▸ What to produce
Your job is to print, exactly, the lines in the data below from the line with "HK Express leadership" through the line with "Silver Jeans Highly Desirable Shorts", both included, and to omit any picture.

▸ Listed records

- Opening Delimiter -

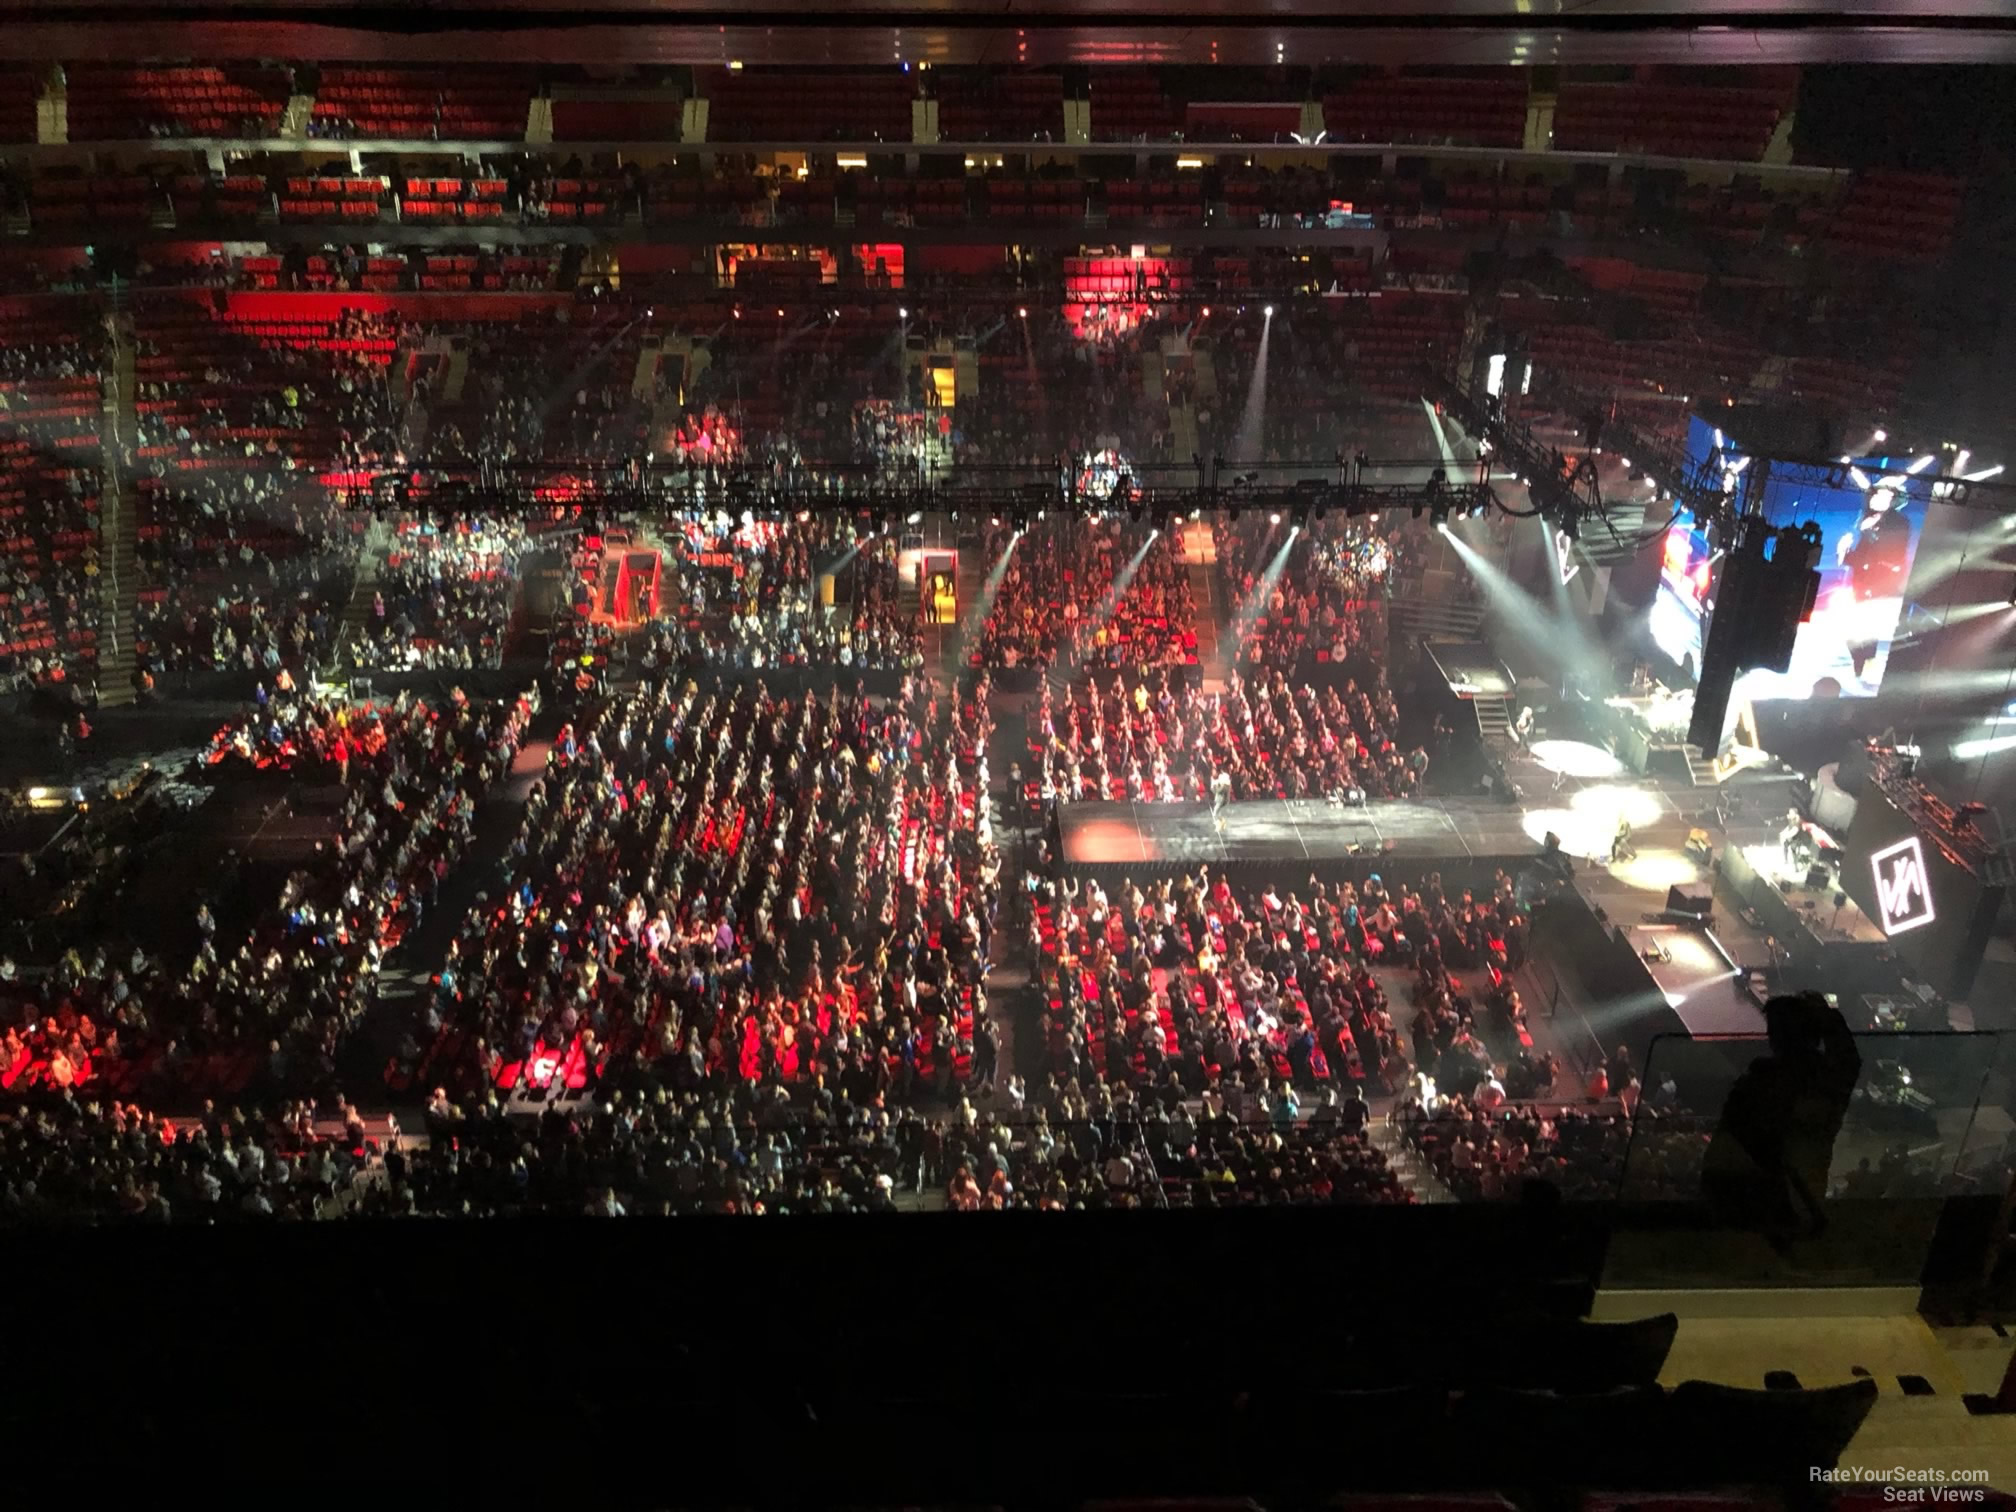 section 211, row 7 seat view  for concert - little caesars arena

- Closing Delimiter -
- Opening Delimiter -

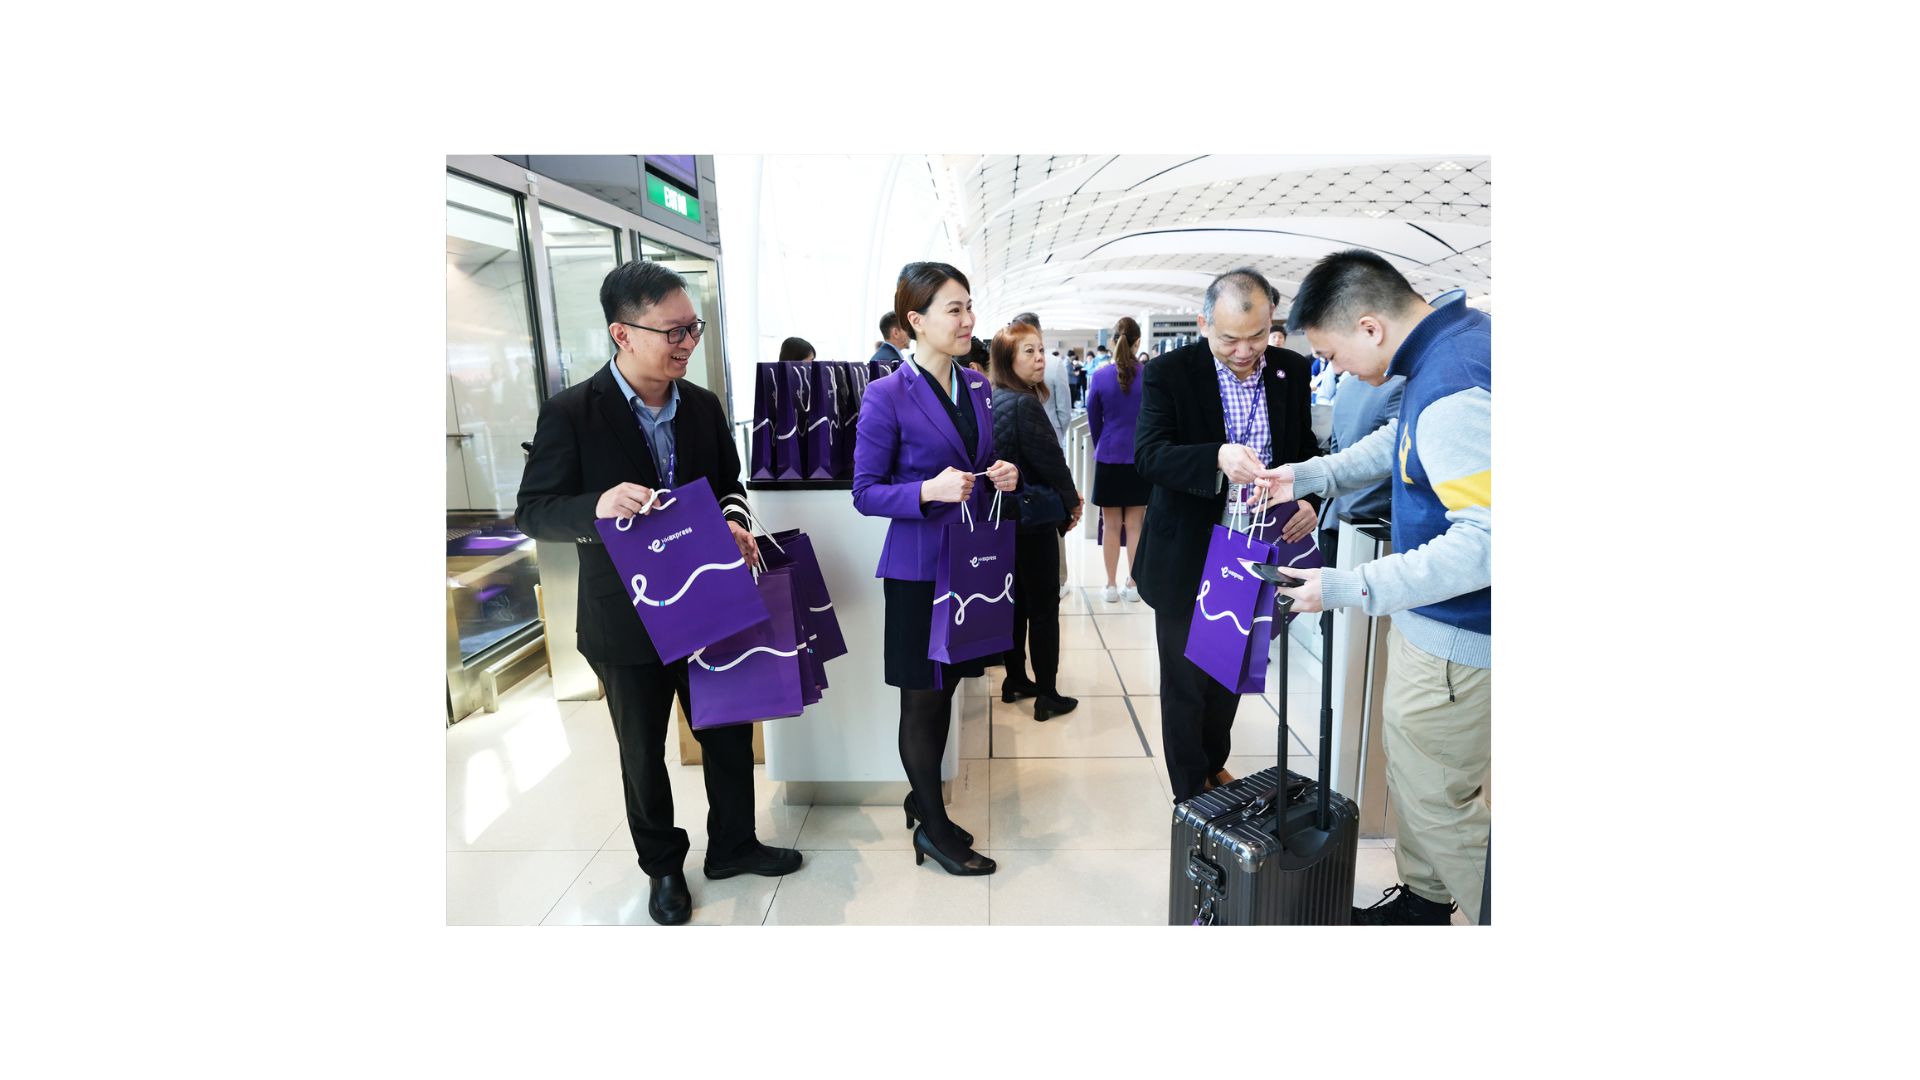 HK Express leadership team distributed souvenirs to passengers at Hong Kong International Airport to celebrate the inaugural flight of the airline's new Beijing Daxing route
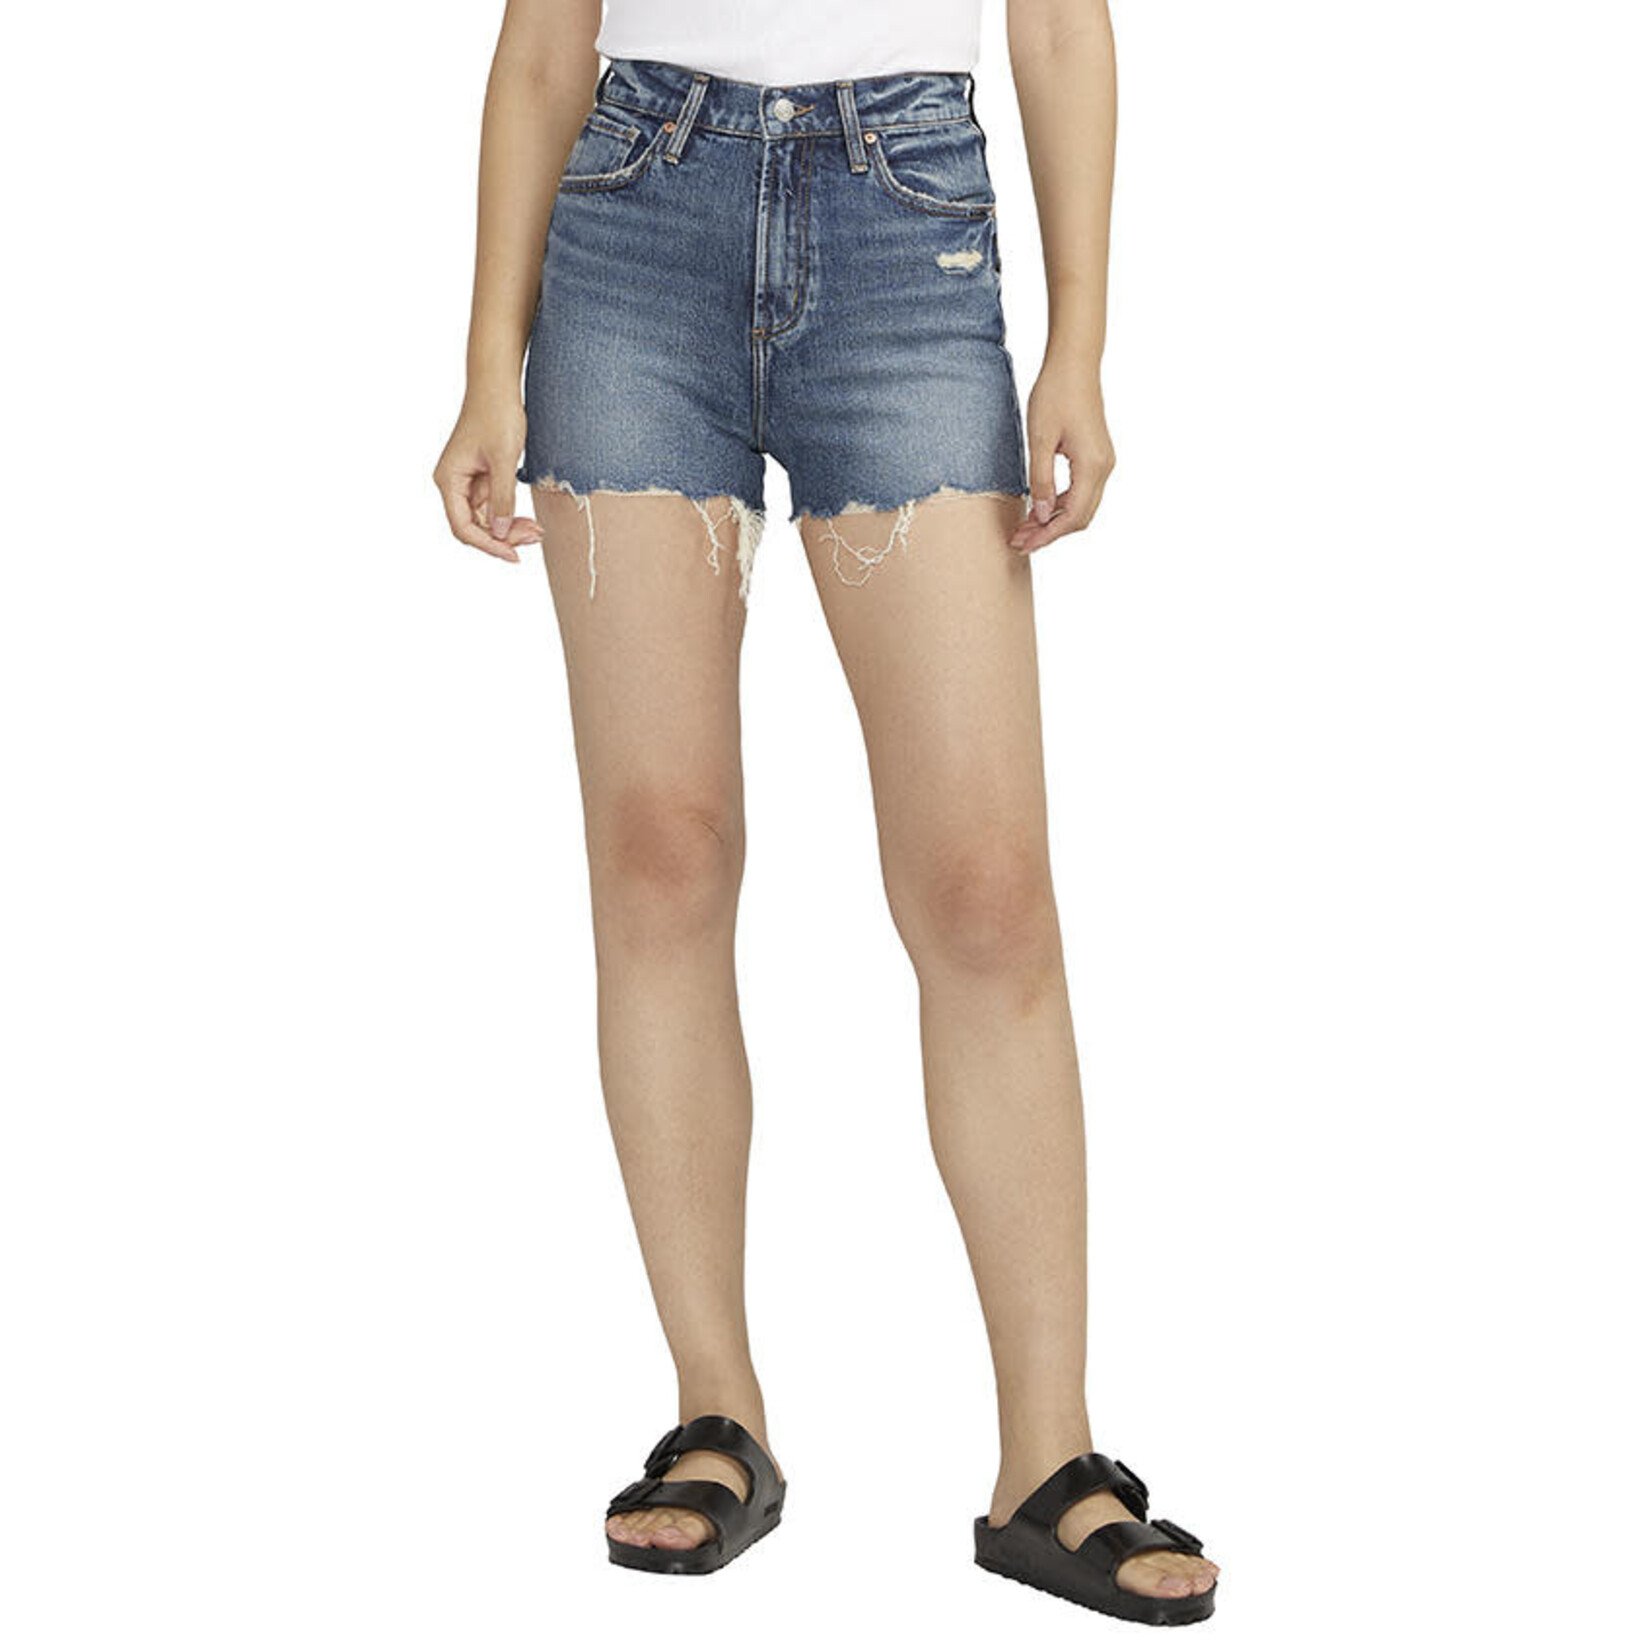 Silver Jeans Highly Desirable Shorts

- Closing Delimiter -

▸ Answer for this exercise
 HK Express leadership team distributed souvenirs to passengers at Hong Kong International Airport to celebrate the inaugural flight of the airline's new Beijing Daxing route
 Silver Jeans Highly Desirable Shorts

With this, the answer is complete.